At the hearing on November 12, 2008, mother filed a section 388 petition seeking orders requiring the DCFS to investigate placing T.M. with relatives, and/or directing DCFS to provide reunification services for mother and T.M. Mother alleged that DCFS had violated T.M.’s right to be placed with relatives. In addition, mother indicated that she had not been appointed counsel in T.M.’s case until September 2008, that T.M. had been in the care of relatives until October 2007, and that mother had not been given notice of T.M.’s removal from his relatives’ care. Mother attached documentation to her petition showing she had completed a parenting class and an anger management class, and showing she had attended 13 narcotics anonymous classes.

After listening to argument from mother’s counsel, the court denied mother’s section 388 petition without setting the matter for a contested hearing with witnesses, noting that such a petition was the “wrong vehicle” to attempt to correct any lack of notice error alleged by mother in connection with the 2007 hearings at which the relatives’ guardianship had been terminated. The court denied mother’s request for reunification services, and, at the close of the hearing, entered orders approving a legal guardianship to T.M.’s foster caretakers, and ordered monitored visitation between T.M. and mother. The court then terminated its jurisdiction over T.M.’s case.

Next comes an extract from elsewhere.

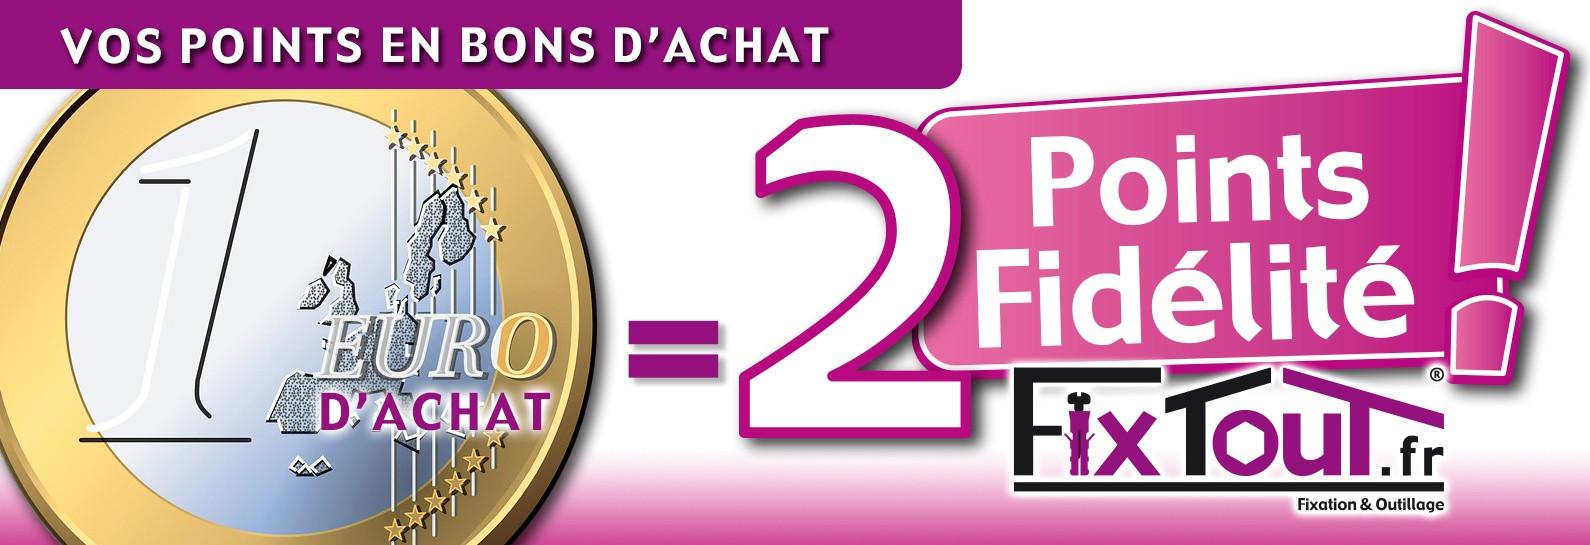 Nouveau sur fixtout.fr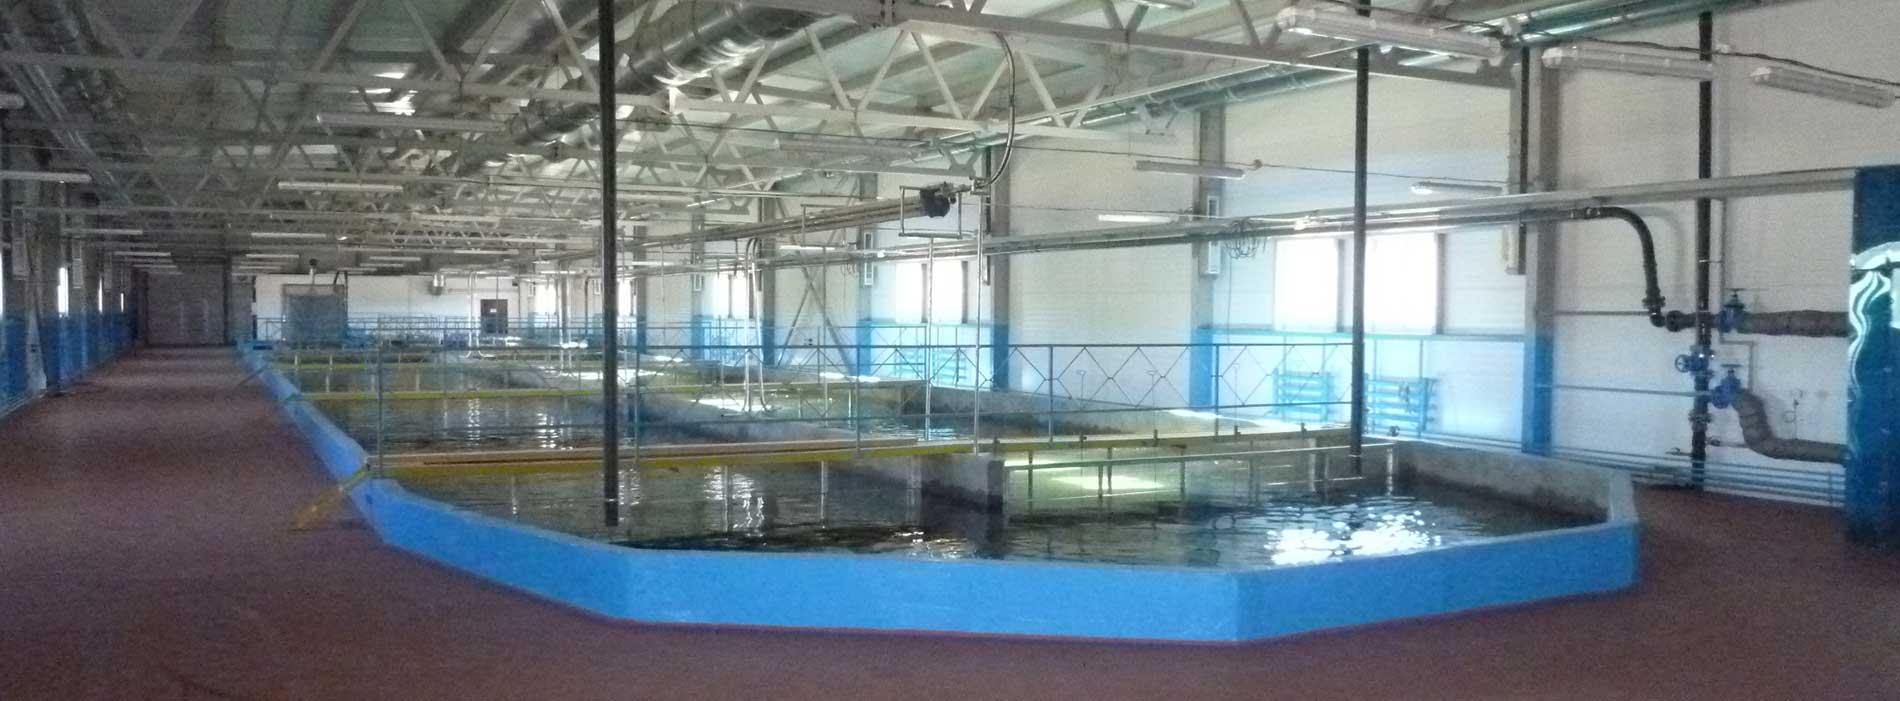 Рыбоводное хозяйство с УЗВ мощностью 75 тонн товарной форели в год

Mother filed a timely notice of appeal.

DISCUSSION

I. Mother’s Standing to Appeal the Denial of her Section 388 Petition.

As an initial matter, we must address DCFS’s position that mother lacks standing to raise on appeal any issue related to T.M.’s placement with his foster family, rather than with relatives. Although DCFS is correct that, as a general rule, a parent has no standing to appeal issues which do not affect his or her own rights (see, e.g., In re Devin M. (1997) 58 Cal.App.4th 1538, 1541), we believe the better path in the circumstances presented by mother’s current case is to follow the principles articulated in In re Esperanza C. (2008) 165 Cal.App.4th 1042. In Esperanza, the dependency court entered orders denying a nonrelative placement based on an administrative determination that a proffered relative had a disqualifying criminal record. The dependency court thereafter denied mother’s section 388 petition to change the nonrelative placement. On appeal, Division One of the Fourth District Court of Appeal found the mother had standing to challenge the order denying her section 388 petition. As Esperanza explains, the issue of parental standing in a dependency case should be liberally construed in favor of the right to appeal, and a parent’s interest in the custody, management and care of his or her child should weigh in favor of the right to appeal, provided the issue in dispute arose before parental rights were terminated. (Esperanza, at pp. 1053-1054; see also In re Elizabeth M. (1997) 52 Cal.App.4th 318, 324.) In the case before us today, mother first raised the issue of a placing T.M. with relatives before the dependency court decided to terminate her parental rights, indeed, the court has never terminated her parental rights, and we decline to foreclose her claims of error on appeal based on a lack of standing.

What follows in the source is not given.